In Lilly’s trials,120 “decreased libido was the only sexual side effect reported by at least 2% of patients taking fluoxetine (4% fluoxetine, <1% placebo).” If you don’t ask, you won’t see the problems. In a carefully conducted study, 57% of 1,022 people who had a normal sex life before they came on a depression pill experienced decreased libido; 57% had delayed orgasm or ejaculation; 46% no orgasm or ejaculation; and 31% had erectile dysfunction or decreased vaginal lubrication.116
There was nothing about this in Lilly’s package insert apart from: “There have been spontaneous reports in women taking fluoxetine of orgasmic dysfunction, including anorgasmia. There are no adequate and well-controlled studies examining sexual dysfunction with fluoxetine treatment. Symptoms of sexual dysfunction occasionally persist after discontinuation of fluoxetine treatment.”
Some package inserts are more truthful, e.g. for venlafaxine:122 decreased libido 2%, abnormal ejaculation/orgasm 12%, impotence 6%, and orgasm disturbance 2%. But this is still far from the truth.

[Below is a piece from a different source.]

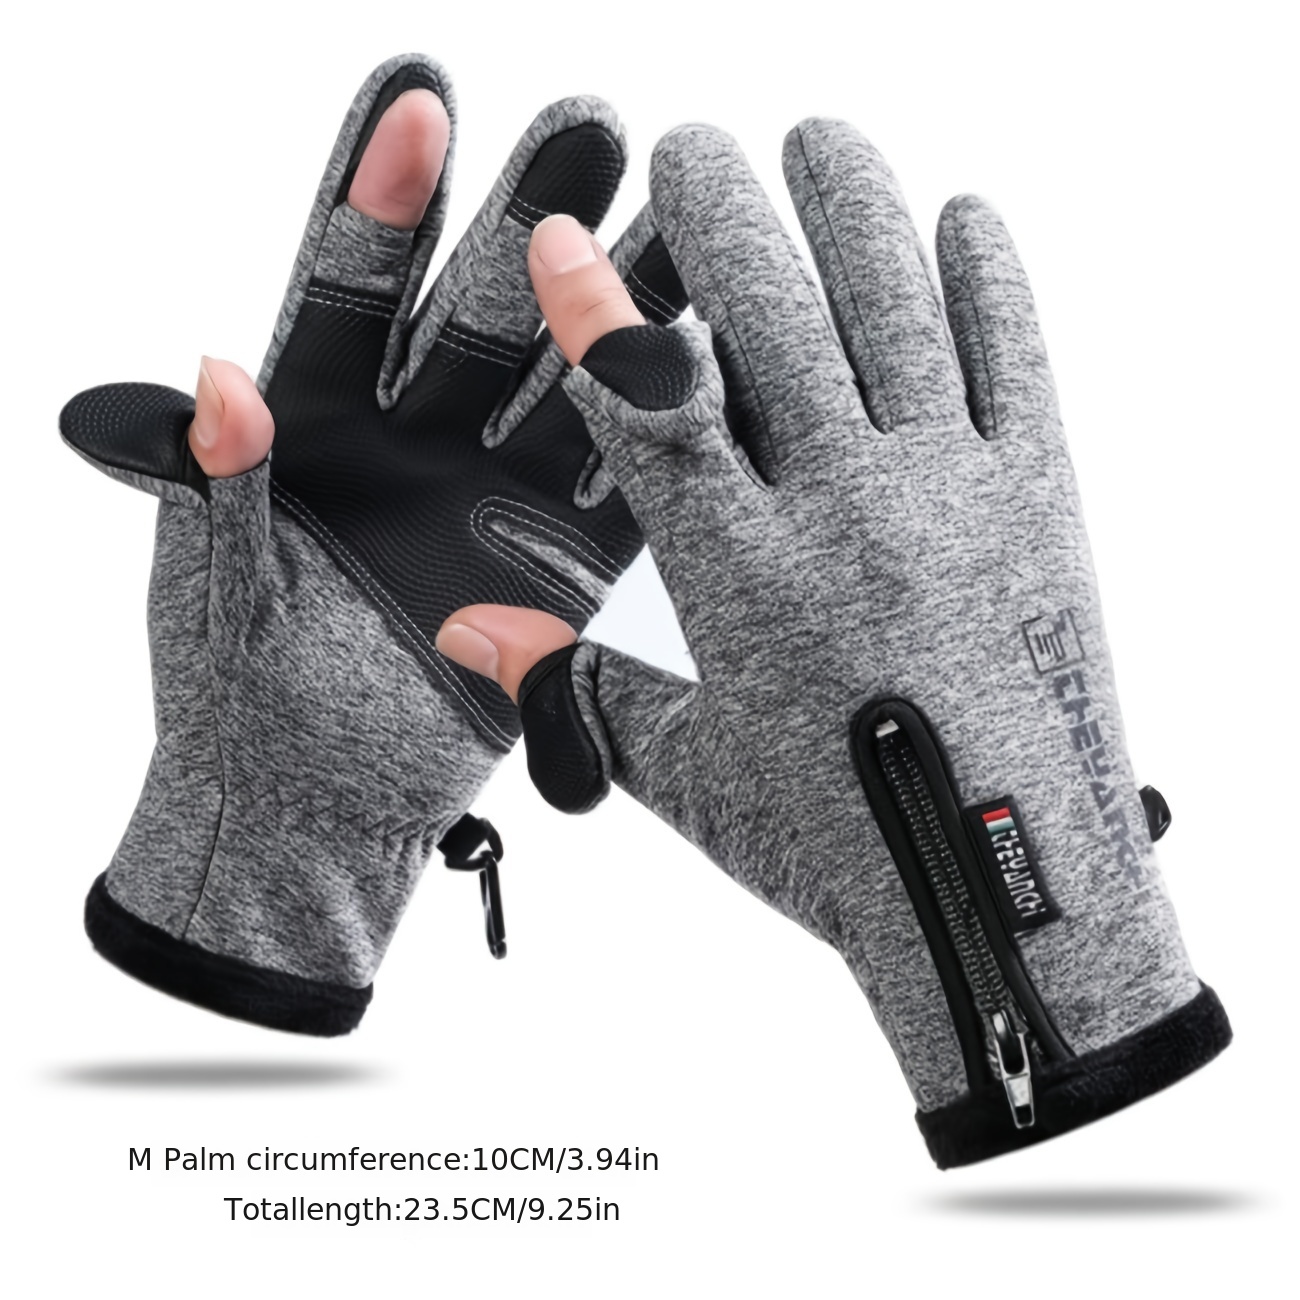 Warm Fishing Gloves, Warm, Windproof, Water Repellent

- If you feel depressed, don’t go to your doctor who will very likely prescribe a depression pill for you.
- Never accept treatment with a depression pill. It is likely to make your life more miserable.
- Don’t believe anything doctors tell you about depression pills. It is highly likely to be wrong.
- Depression pills are dangerous. They increase the risk of suicide, violence and homicide at all ages.
- Depression pills are likely to destroy your sex life, in the worst case permanently.
- Consult a psychotherapist. You might also consider if you need a social worker, counsellor or lawyer.